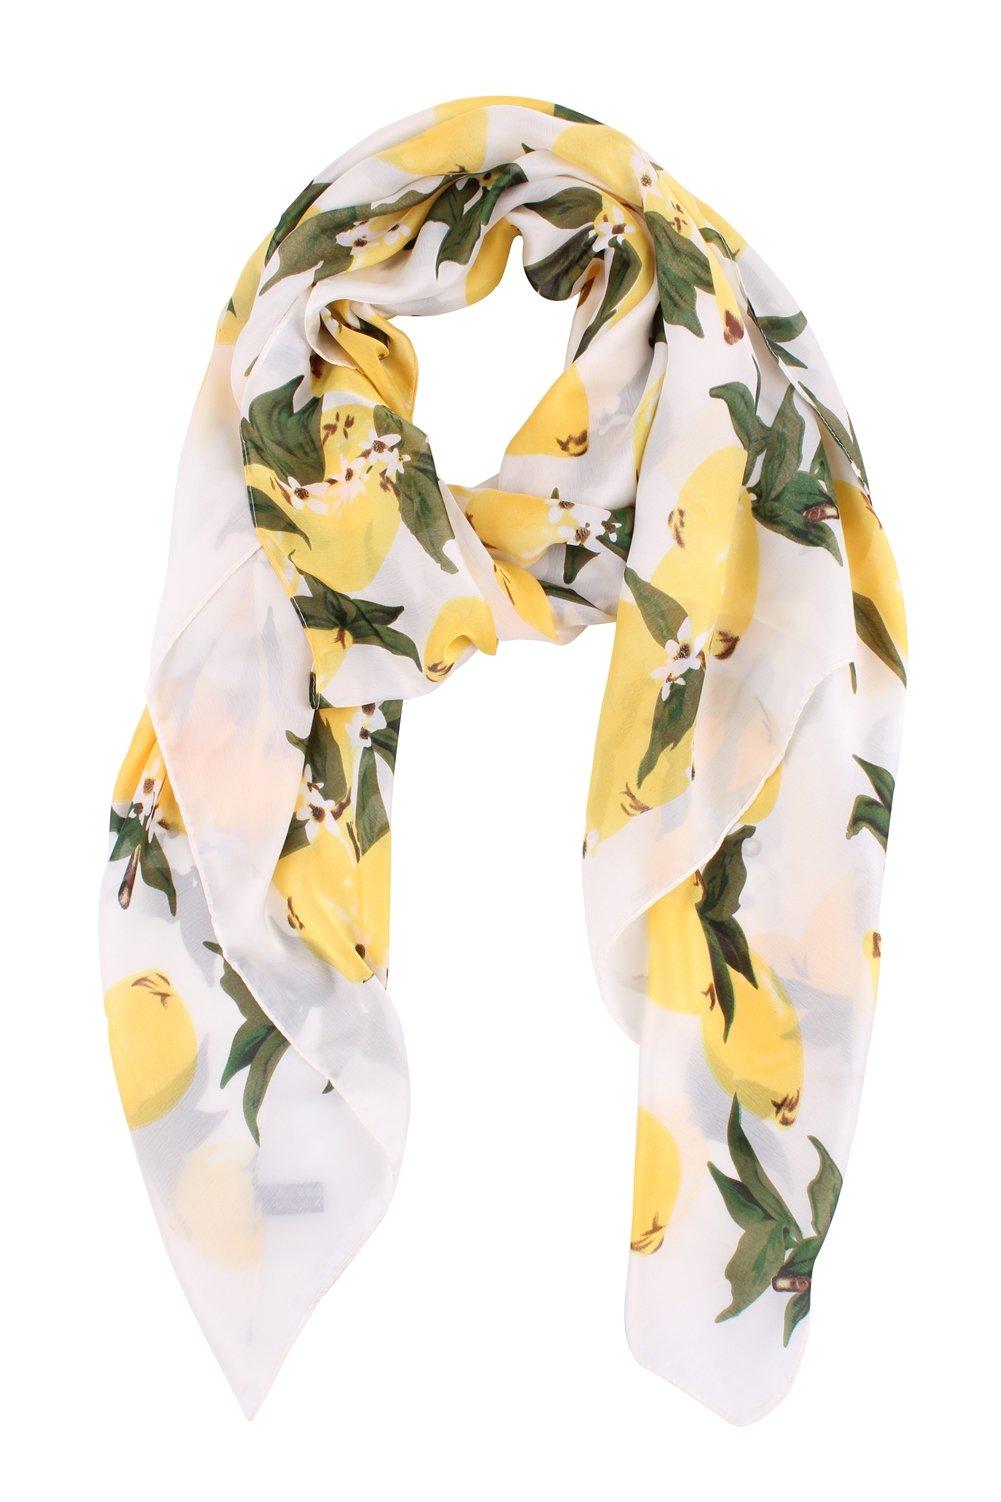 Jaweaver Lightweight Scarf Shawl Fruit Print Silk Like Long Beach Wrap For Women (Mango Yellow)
---*---
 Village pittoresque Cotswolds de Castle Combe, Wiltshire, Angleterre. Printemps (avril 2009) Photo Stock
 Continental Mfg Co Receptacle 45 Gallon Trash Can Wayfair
---*---
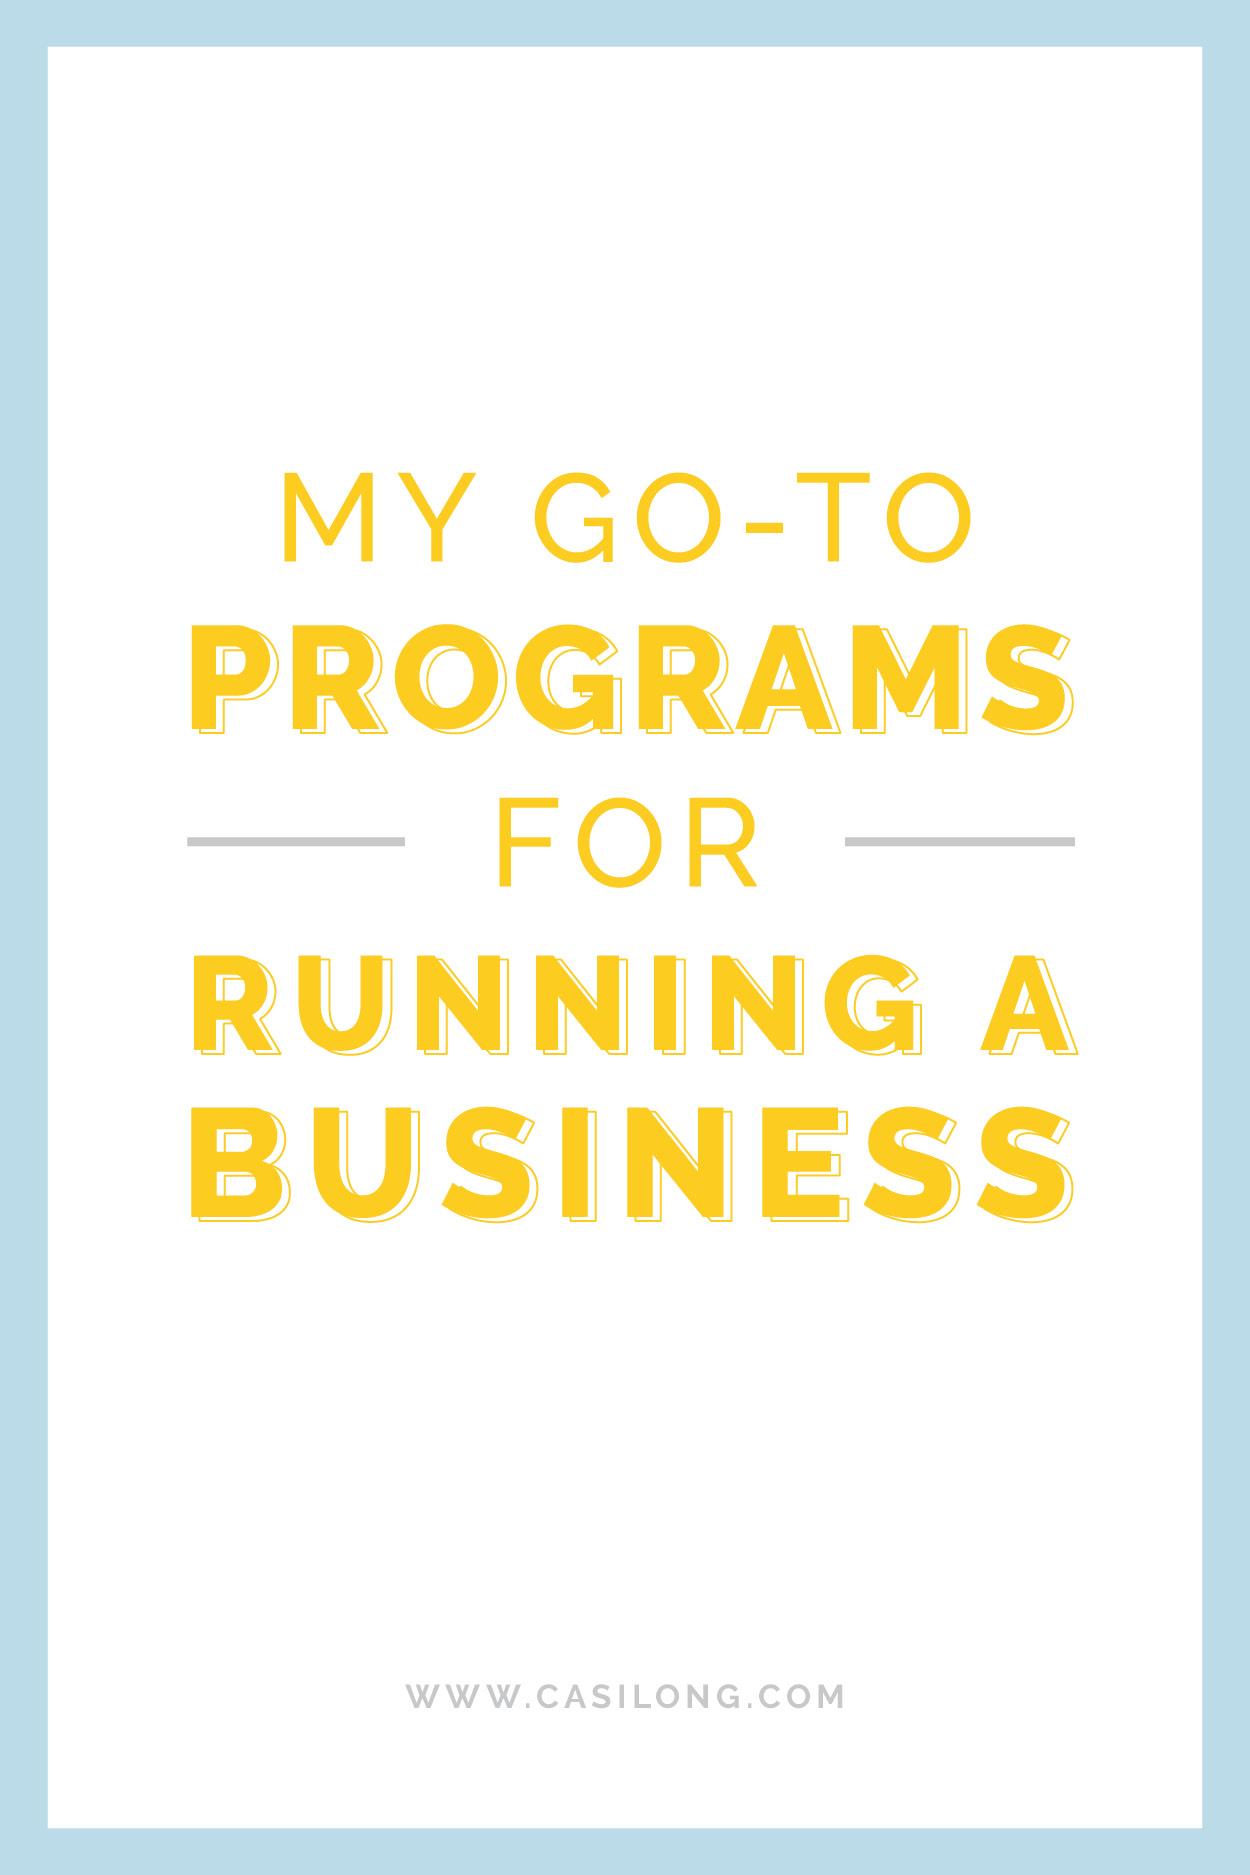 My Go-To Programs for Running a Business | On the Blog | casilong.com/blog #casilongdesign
---*---
• What the exercise asks: In your answer, include only the lines above starting at the line that holds "Village pittoresque Cotswolds" and ending at the line that holds "Continental Mfg Co", copied exactly.

• Response:
 Village pittoresque Cotswolds de Castle Combe, Wiltshire, Angleterre. Printemps (avril 2009) Photo Stock
 Continental Mfg Co Receptacle 45 Gallon Trash Can Wayfair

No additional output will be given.